The group pushing for a statewide referendum that could overturn Ohio’s nuclear bailout law says it won’t turn in petitions by Monday’s deadline.

That political action committee calling itself Ohioans Against Corporate Bailouts had until Monday to turn in 265,774 valid signatures from registered voters in 44 Ohio counties in order to hold a 2020 referendum on House Bill 6. Passed in July, that bill tacks a fee onto electric users’ bills and creates a pot of money that will give more than $1 billion over seven years to FirstEnergy Solutions, the owner of Ohio’s Davis Besse and Perry nuclear power plants.

Now, however, the group says it is unable to hit the deadline.

Good.

Readers may be surprised to read that response because we consistently have opposed HB 6.

In fact, we have argued that Ohio’s electric customers should not be forced by law to pay additional funds that will be funneled to any company or public utility to fund operations. But that’s exactly what HB 6 does. It was designed largely to help to fund inefficient and bankrupt nuclear power plants, while providing no financial assistance to competing power sources like the third natural gas-fired power plant that had been under consideration for Lordstown.
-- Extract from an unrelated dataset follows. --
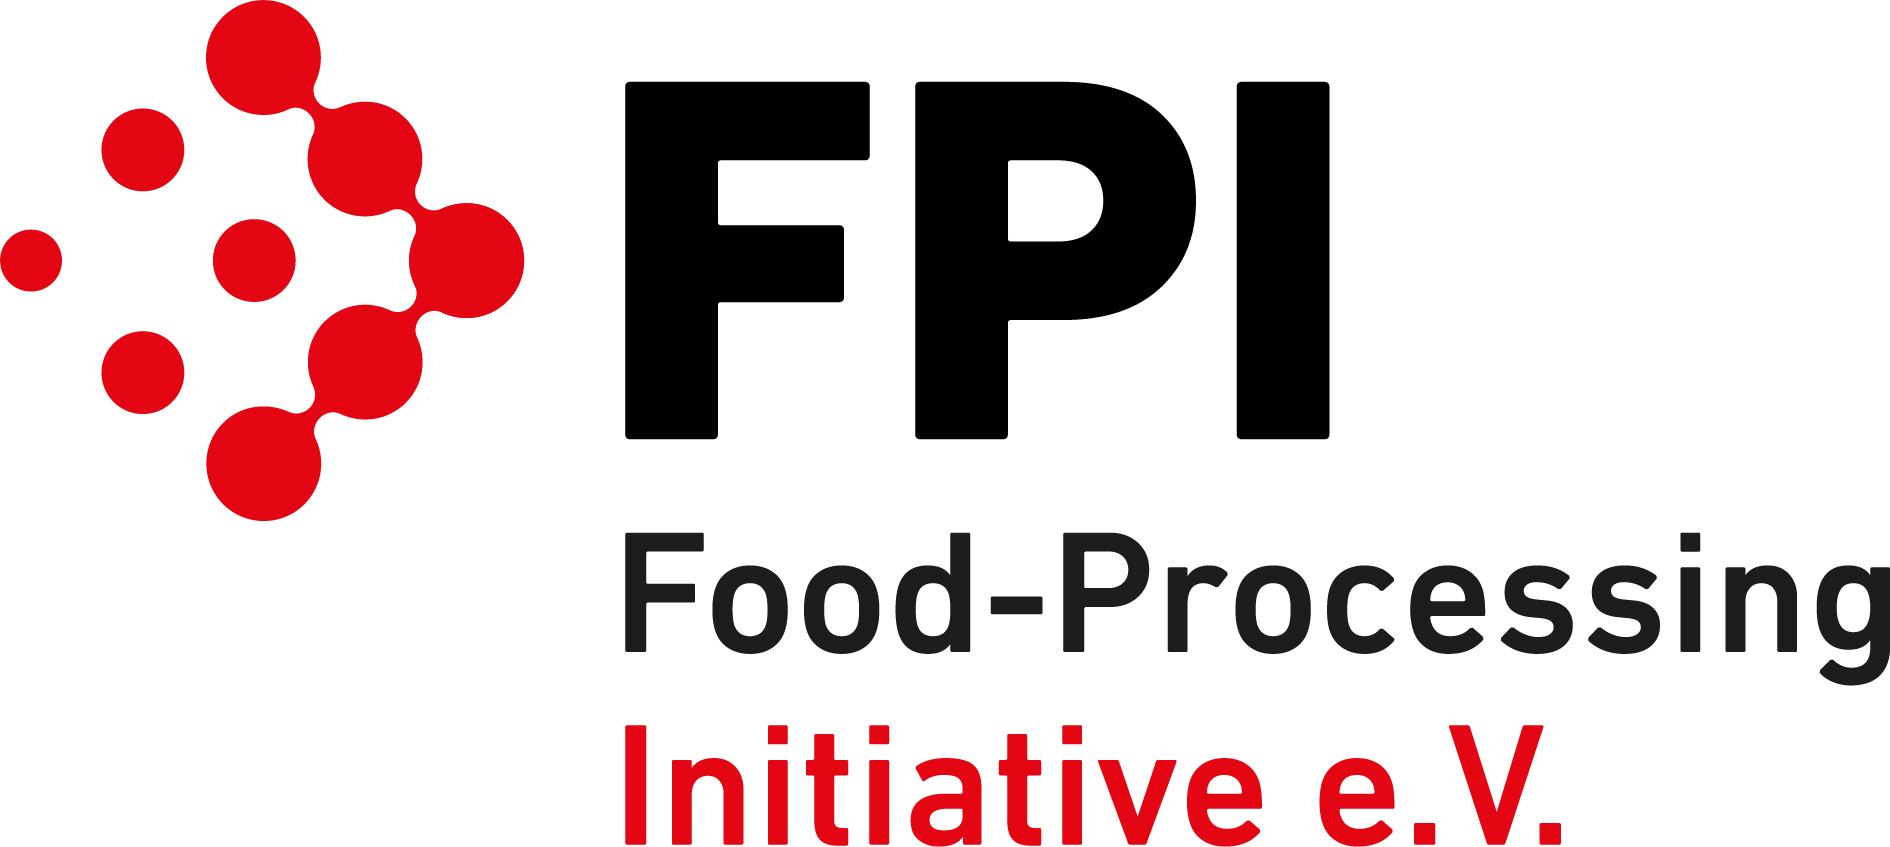 Food-Processing Initiative

Without the cash infusion from customers, FirstEnergy Solutions, which is going through bankruptcy reorganization, warned its two nuclear power plants located near Cleveland and Toledo would be shut down within two years.

In April, Bill Siderewicz, president of Clean Energy Future, who has been intricately involved in the planning for three Lordstown power plants, had testified against the bill. In his Columbus testimony, he warned passage would have a chilling effect in Ohio by forcing new investment outside of the state. Shortly after the bill’s passage, a decision was announced to pull the plug on proposals that would have brought a third gas power plant to the Mahoning Valley.

That is a shame because it would have meant many more construction jobs and some additional permanent jobs, not to mention financial support for local schools and government.

But we digress.

Despite our feelings about the language and purpose of HB 6, we remain opposed to the plan by residents to attempt to remove the issue.

In Ohio and America, we enjoy a representative form of government, and as such, we can and should allow our legislators — whom we elected to represent us in Columbus — an opportunity to raise legislative issues like this that need to be addressed.

We believe we should allow our legislators to do their jobs as representatives of their constituents. If we disagree with their decisions, then we have the right and ability to cast our vote to remove them in the next election.

Yes, we disagree with HB 6. But even more than that, we believe that we should allow our representatives to do the jobs we elected them to do.